DREAM TICKET
Wallpaper|May 2022
Dior’s global flagship in Paris reopens its doors with a new look, a museum, a restaurant and an apartment for overnight stays
AMY SERAFIN
DREAM TICKET
In 1946, when Christian Dior saw the four-storey hôtel particulier at 30 Avenue Montaigne, built in the 1860s for a son of Napoleon, he knew he had to have it for his new fashion house. It was elegant, of manageable size, and located close to potential customers staying at the Hôtel Plaza Athénée.

In 2018, when Pietro Beccari, the newly-arrived CEO of Dior, was formulating a strategic plan for the company’s future, he looked back to this beginning. ‘I was thinking of ways to make Dior even more exceptional. I thought the answer was under my nose. It’s rare to have a building where the history of your own Maison started, and where you still feel the owner, Monsieur Dior, in the walls.’

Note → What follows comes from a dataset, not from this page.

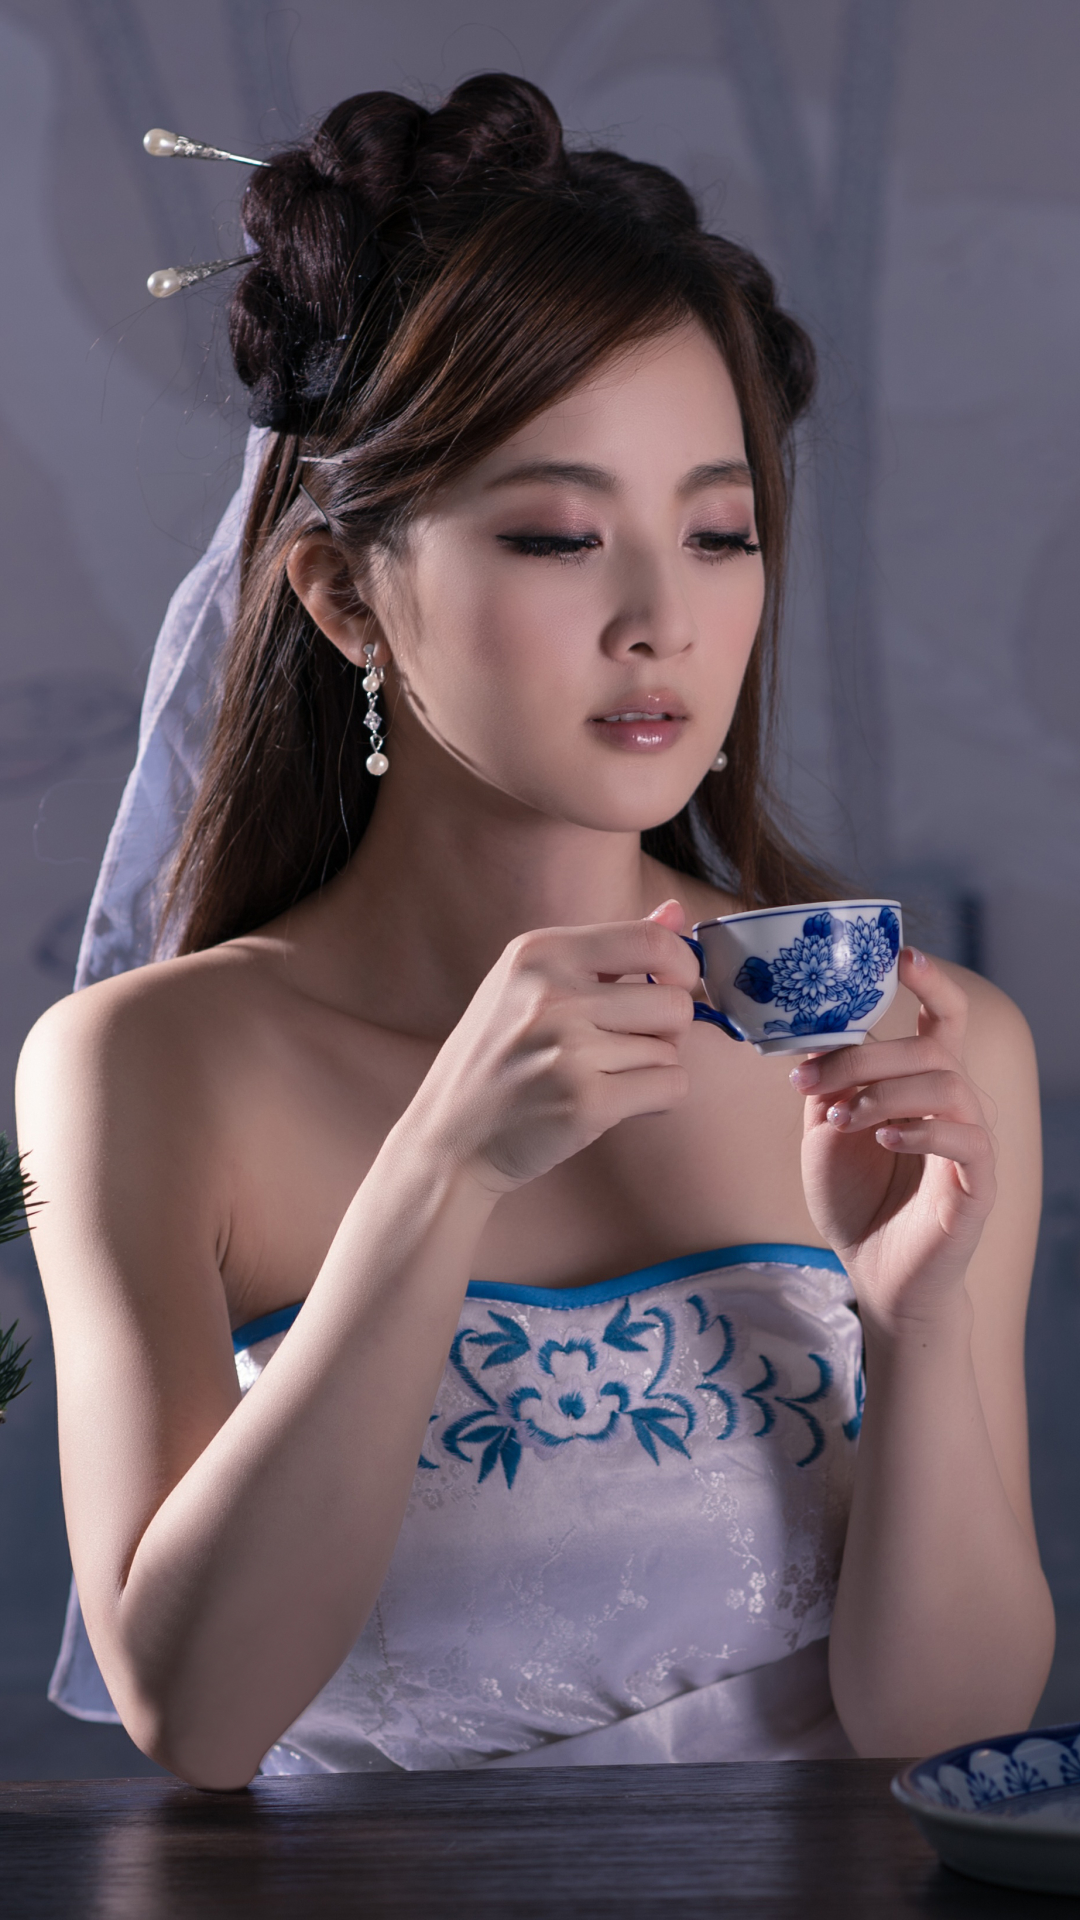 women, mikako zhang kaijie, asian, dress, cup, hair dress, tea set, hairpin, bonsai HD wallpaper

This was right after the ‘Christian Dior: Designer of Dreams’ exhibition at Paris’ Musée des Arts Décoratifs (MAD), which drew more than 700,000 visitors in six months. Beccari wanted not only to renovate the historic flagship store but to install a permanent museum ‘where people can see the office of Monsieur Dior, the stairs the models walked down for the first time, the cabine [where the models changed].’ He envisioned 30 Montaigne (which had expanded over the years to eight adjoining buildings) as a new destination to shop, eat, experience the archives, or even (for a lucky few) spend the night. It would bring together the Maison's entire universe – past, present and future – in one astonishing location.

This story is from the May 2022 edition of Wallpaper.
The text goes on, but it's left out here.